Instructions to follow:
Starting at the line that holds "9基督教简谱网歌谱网 诗歌大全五线谱 钢琴谱 圣歌韩国英文网站迦南", restate every line word for word up to and including the last one in the listing below, and omit all pictures.

Data segment:
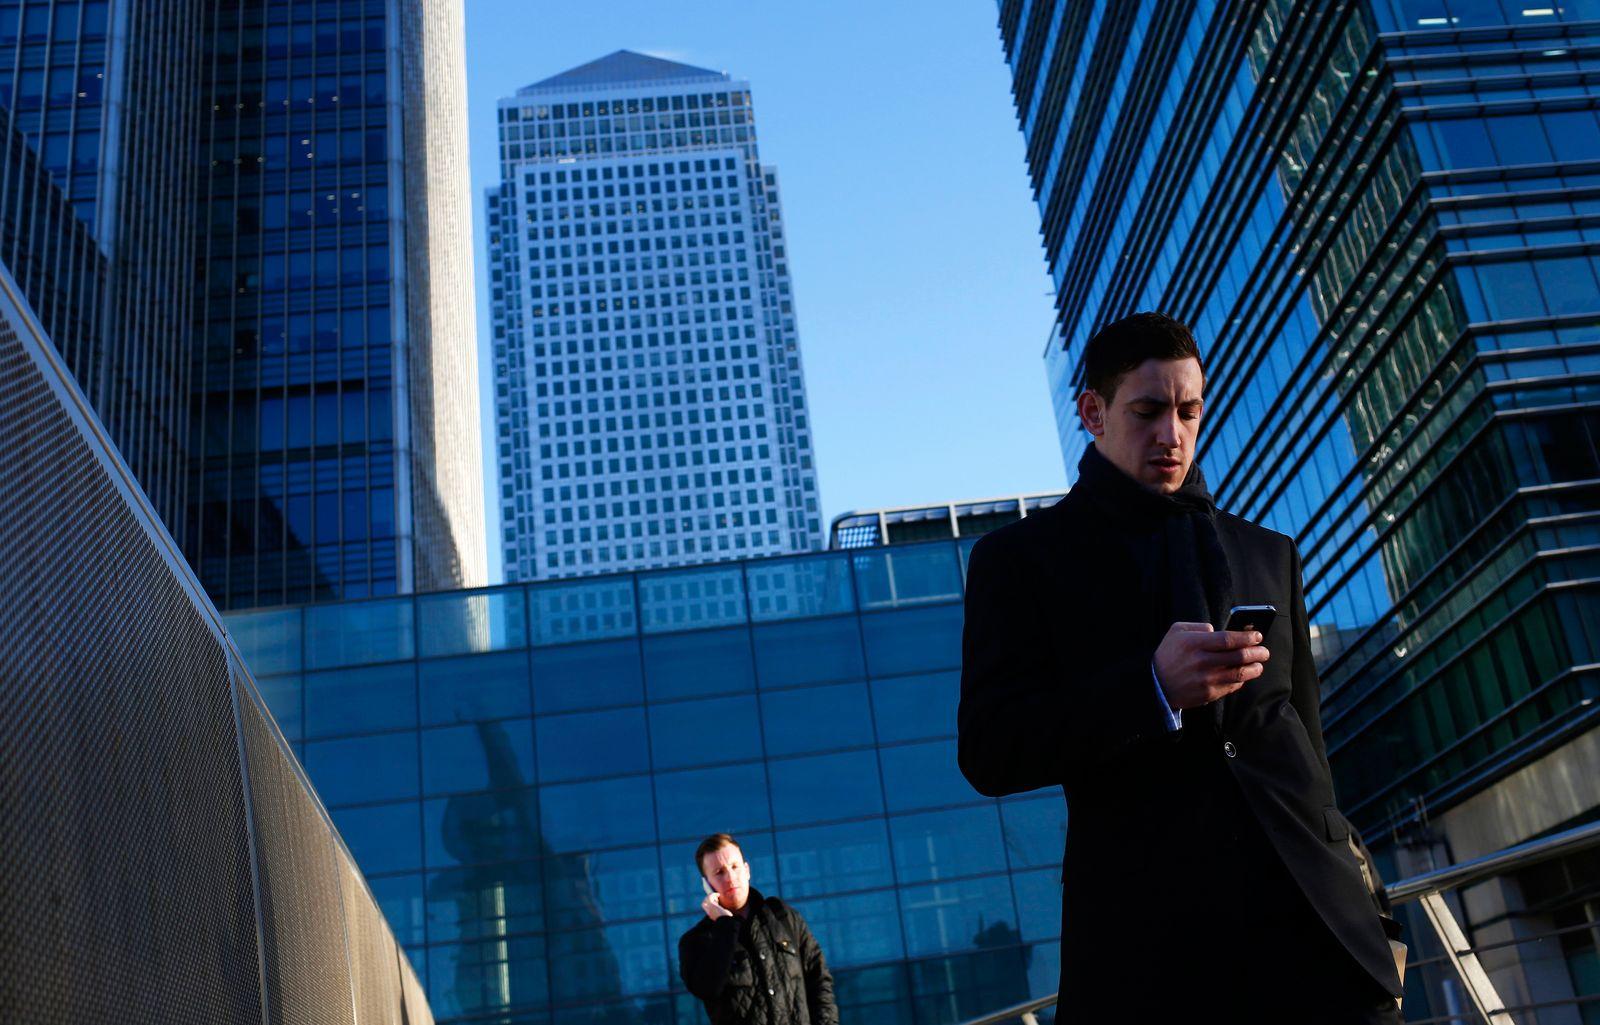 London / Banken-Viertel / Banken / Banker /
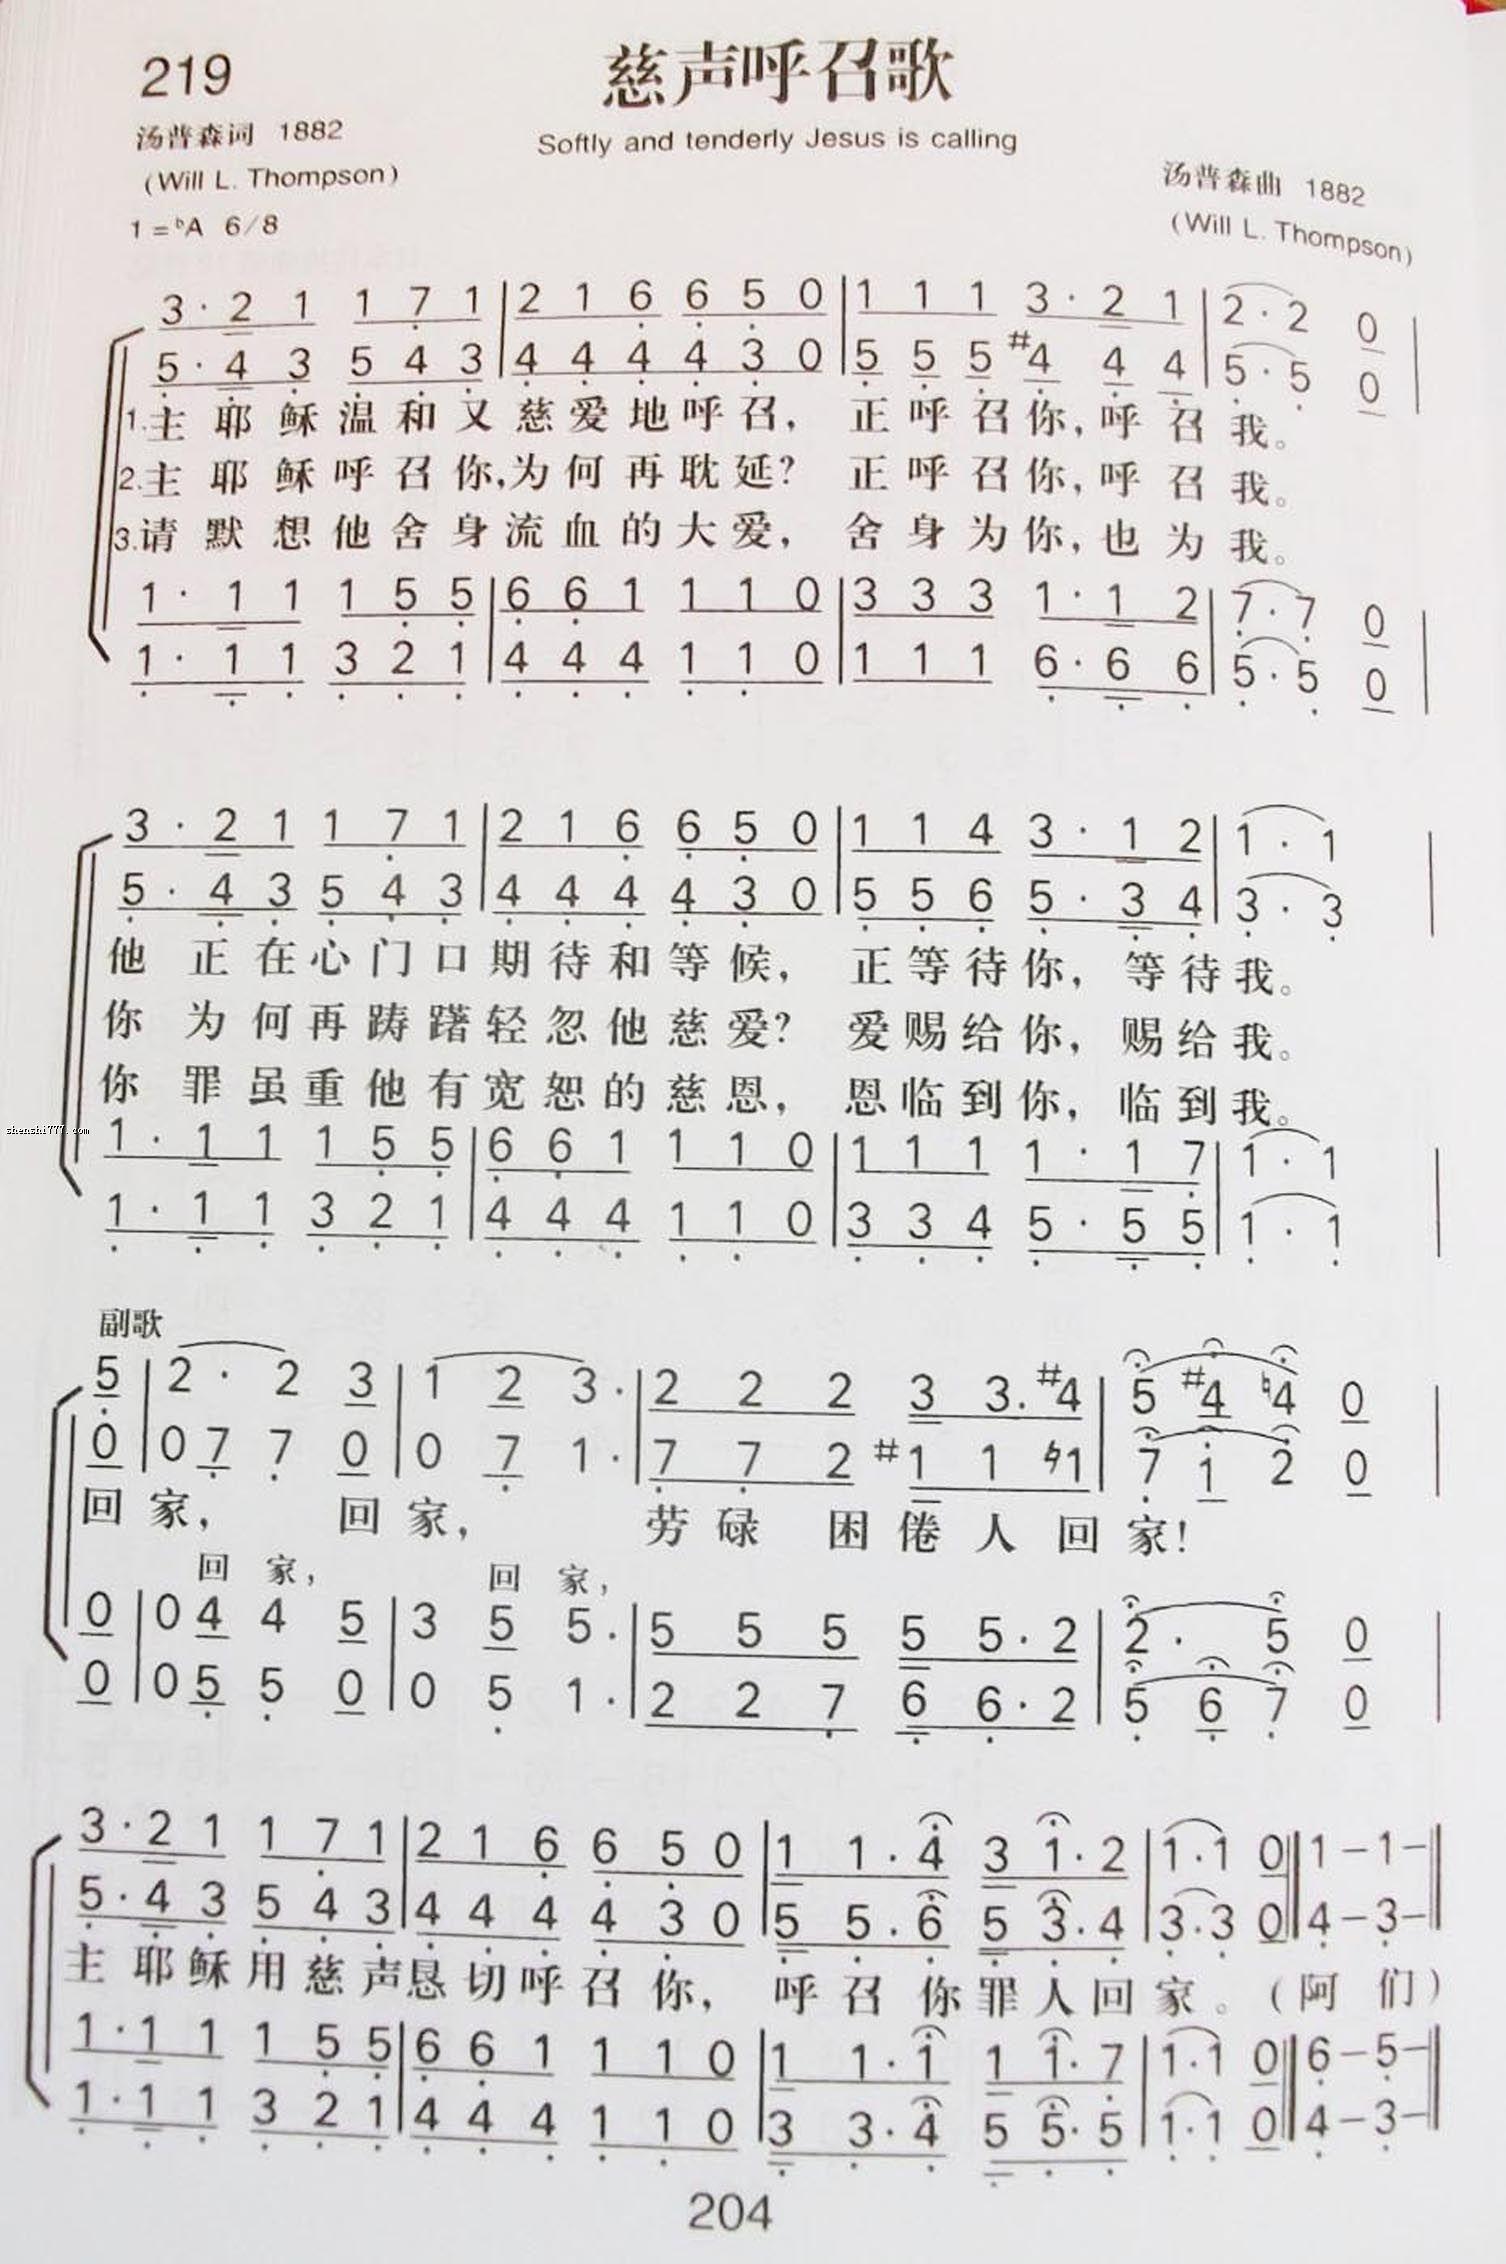 9基督教简谱网歌谱网 诗歌大全五线谱 钢琴谱 圣歌韩国英文网站迦南
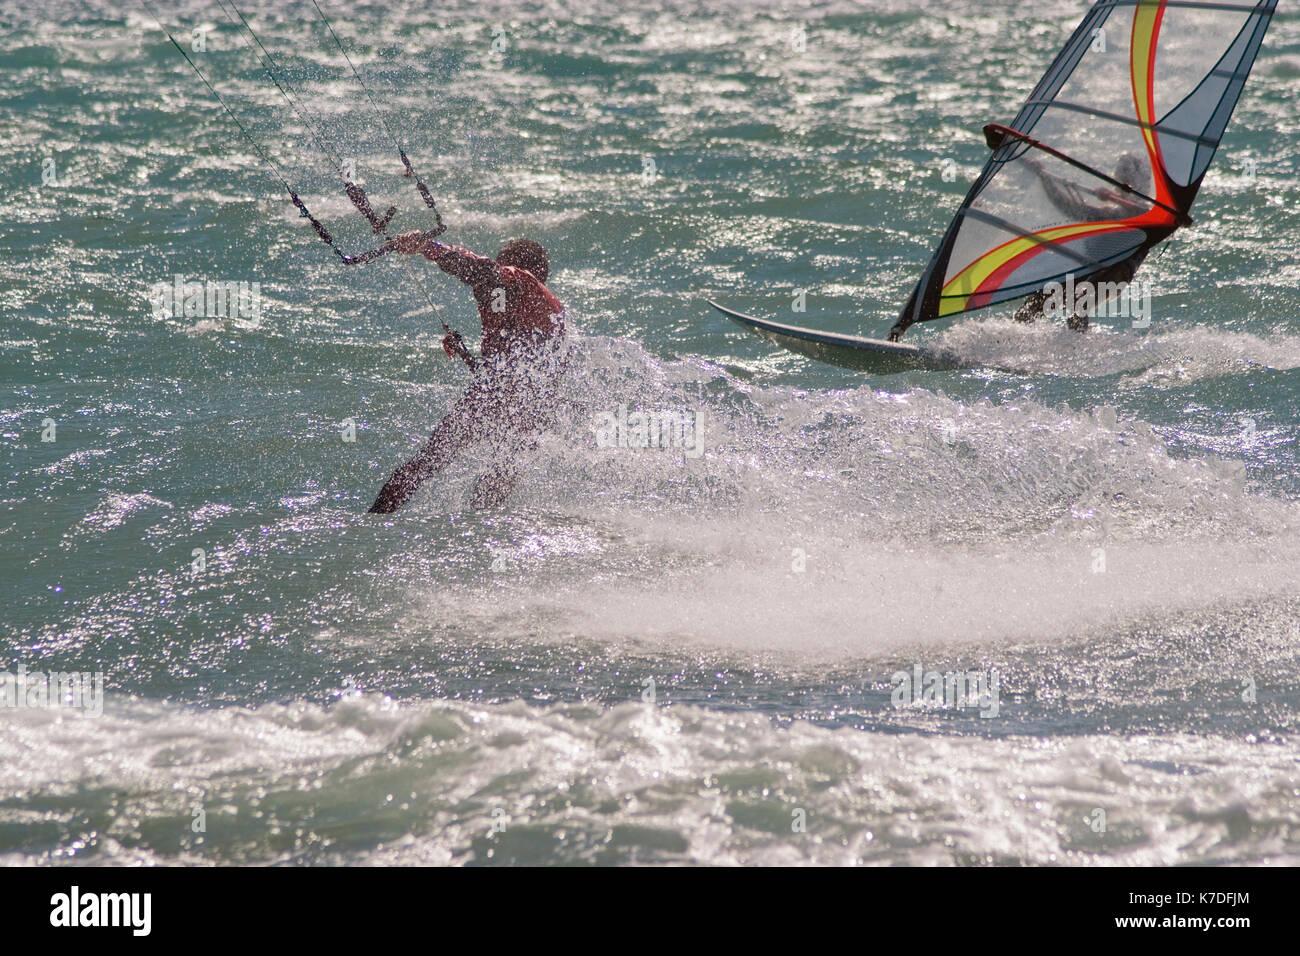 Bobinadora surfer y kite boarder durante un día ventoso en la Riviera Francesa Foto de stock
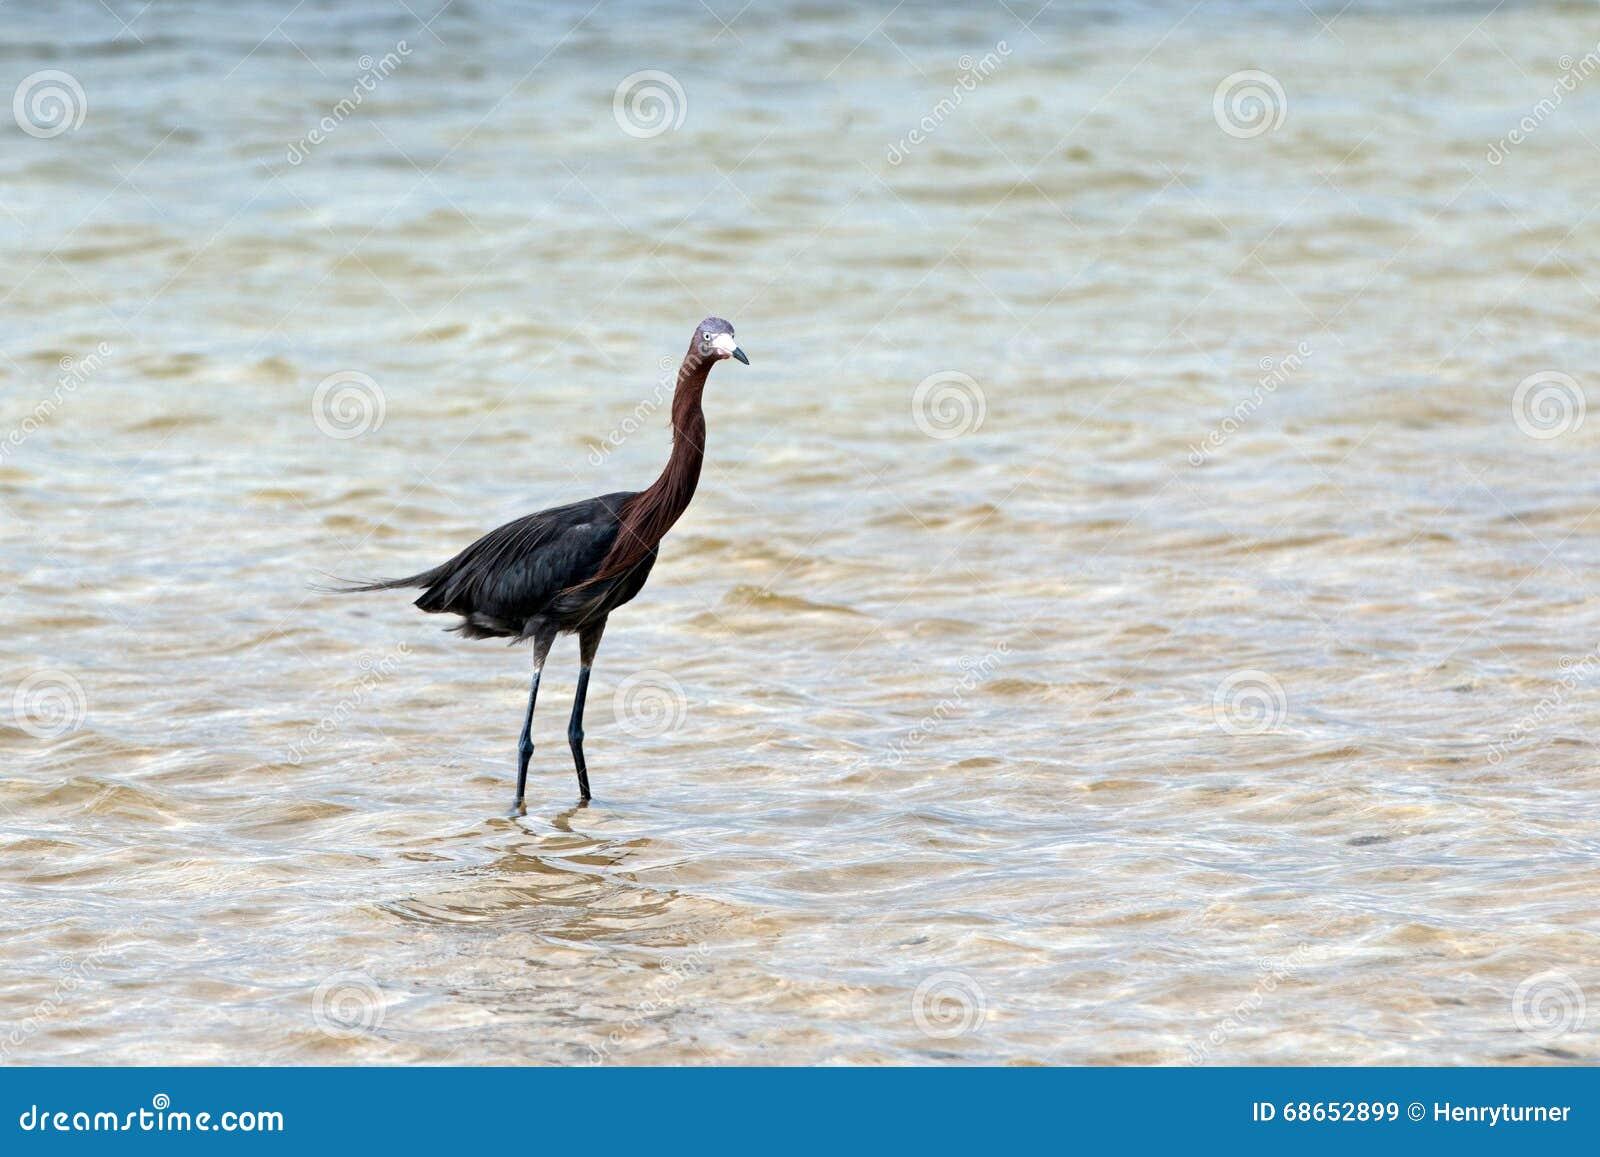 Héron rougeâtre ébouriffé par le vent en Isla Blanca Cancun Mexico

Response to this exercise:
 9基督教简谱网歌谱网 诗歌大全五线谱 钢琴谱 圣歌韩国英文网站迦南
 Bobinadora surfer y kite boarder durante un día ventoso en la Riviera Francesa Foto de stock
 Héron rougeâtre ébouriffé par le vent en Isla Blanca Cancun Mexico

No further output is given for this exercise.